Sorprendida y afectada, apartó los ojos. Pero era demasiado tarde. Aunque intentaba concentrarse en la conversación, le resultaba imposible. Solo lo había visto durante un segundo, pero en su retina había quedado impresa la imagen de un hombre alto y moreno, de piel bronceada y ojos oscuros que, aun sin mirarlos, habían sido como una invasión.

¿Quién era aquel hombre? ¿Qué hacía allí, mirándola de esa forma?

Era casi imposible no volverse para mirarlo de nuevo, solo para comprobar que era real y que el champán no la estaba haciendo sufrir alucinaciones.
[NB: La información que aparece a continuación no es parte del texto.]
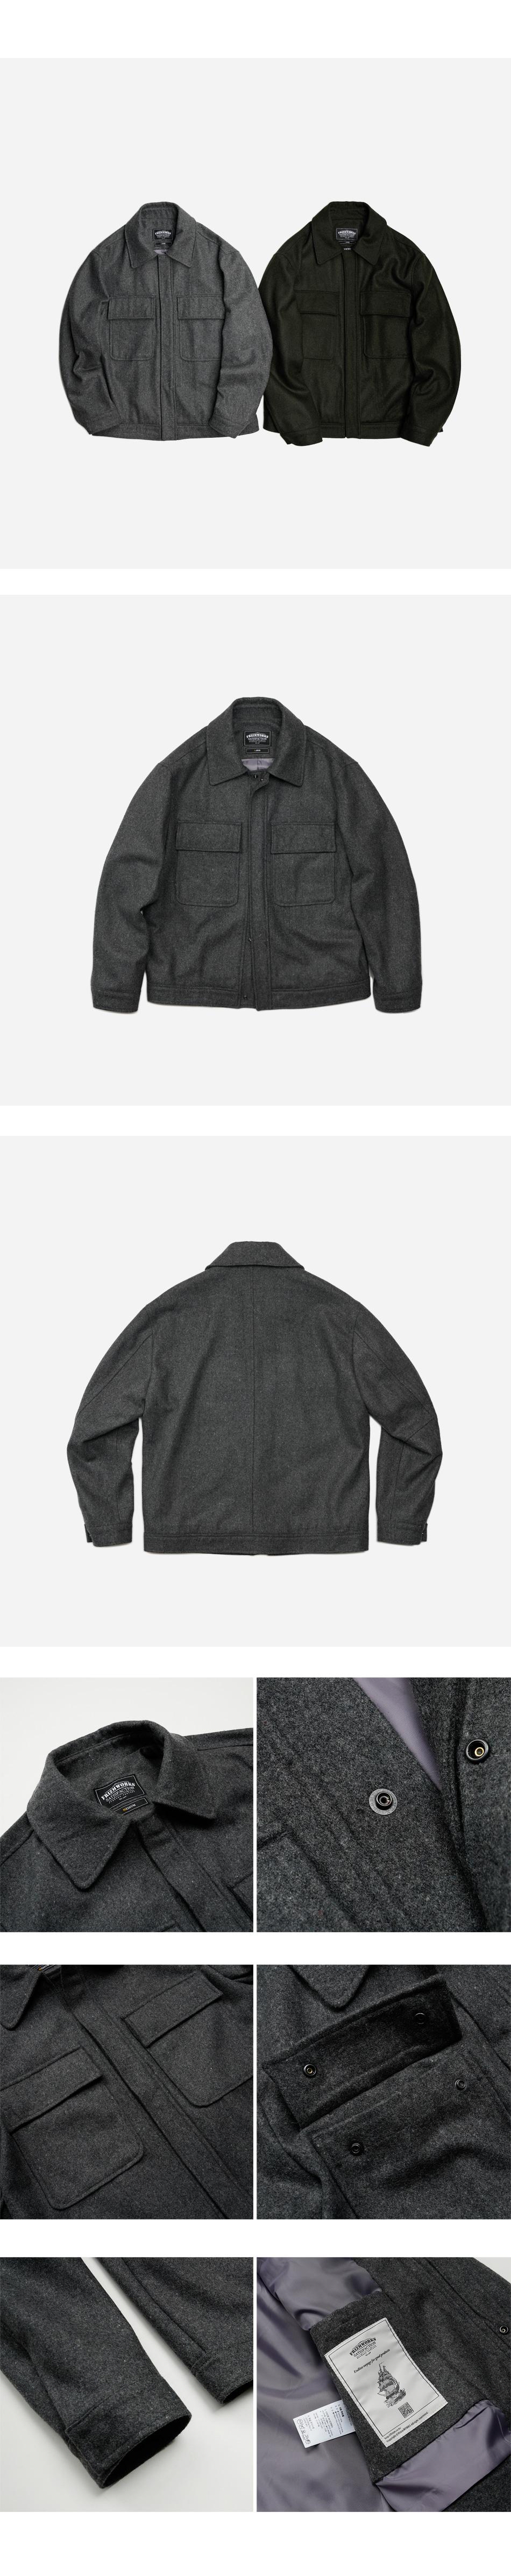 Minimal melton jacket _ charcoal

Fue un alivio percatarse de que Howard Fiske había reclamado su atención. Pero el extraño poder de aquel hombre la turbaba. El poderoso físico, los rasgos mediterráneos y el traje de diseño italiano le daban un atractivo sexual incomparable. Era un atractivo abrumador, amenazante, letal.

Natalia volvió a apartar la mirada, sorprendida por sus lujuriosos pensamientos.
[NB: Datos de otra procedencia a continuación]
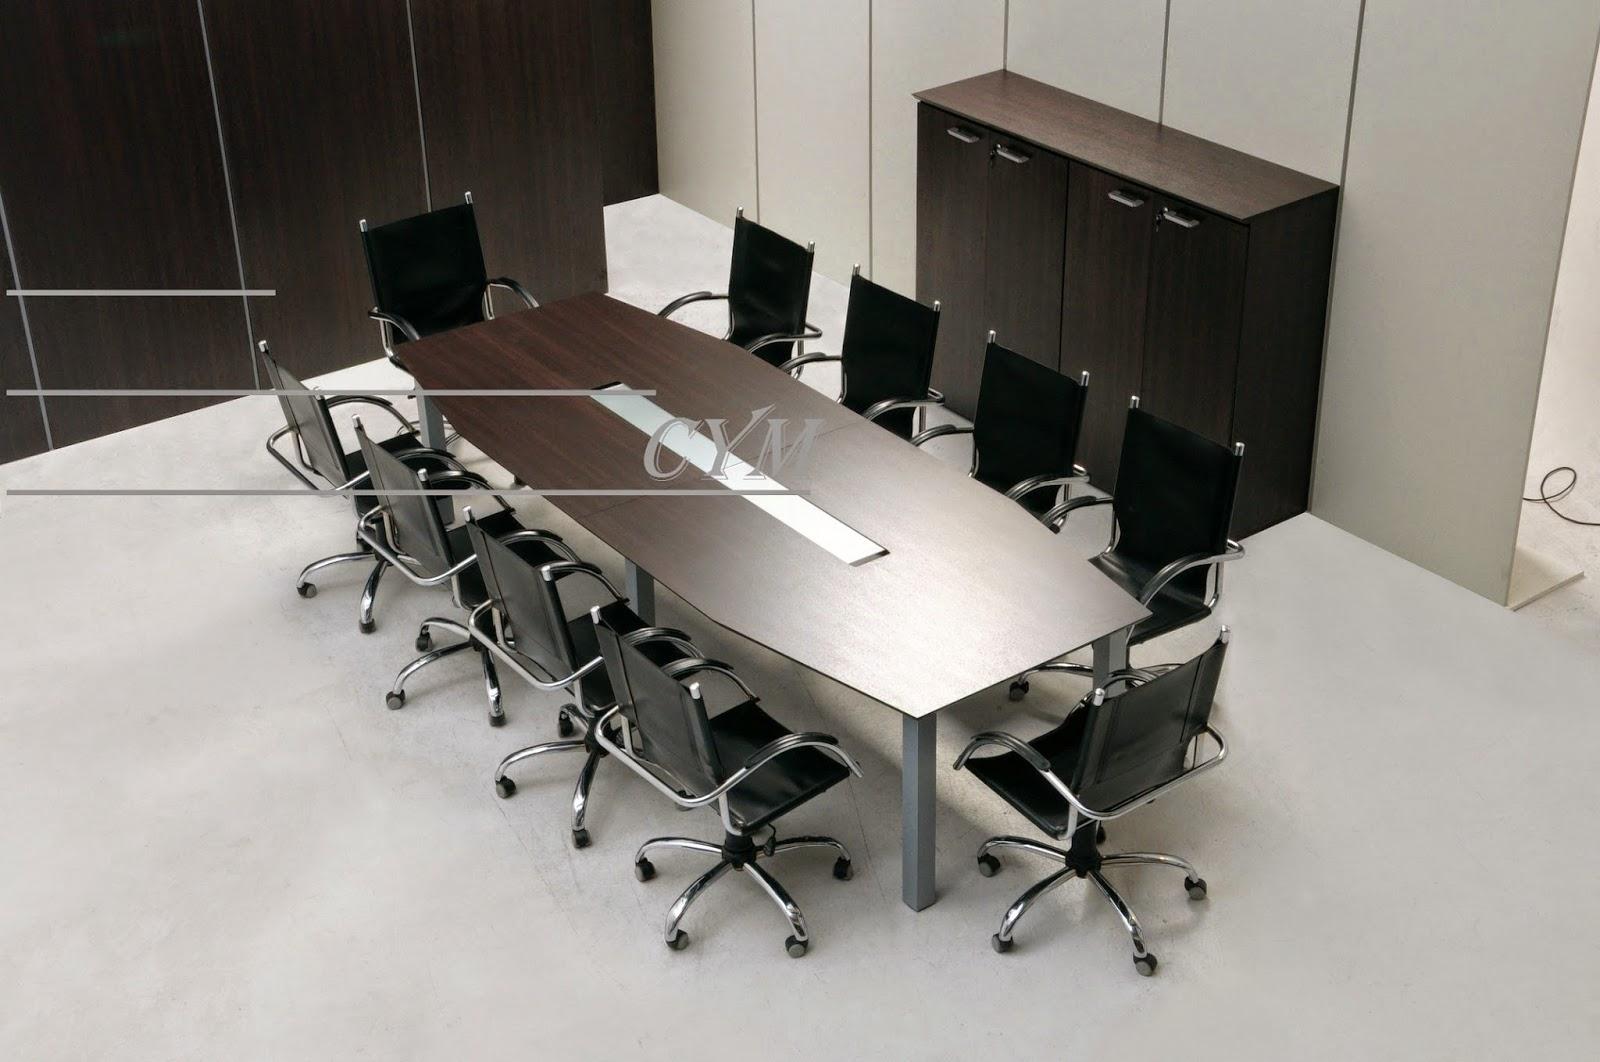 Muebles de oficina for Muebles de oficina concepto

—¿Te encuentras bien? —escuchó decir a una voz que parecía llegar de muy lejos.

—Sí —contestó ella, con un hilo de voz—. Pero creo que el champán está empezando a afectarme. Nunca me ha gustado beber durante el día. Si tomo otra copa, acabaré roncando sobre mi escritorio.

—No creo que tú ronques.

Era un alivio hablar con el serio Ian Gant porque su adolescente atracción por ella era fácil de eludir.

—Háblame de tu prometida. Creo que te casas dentro de una semana, ¿no?

El chico entendió la indirecta y se puso colorado. En ese momento, Randall Taylor, su futuro suegro, se acercó a ellos.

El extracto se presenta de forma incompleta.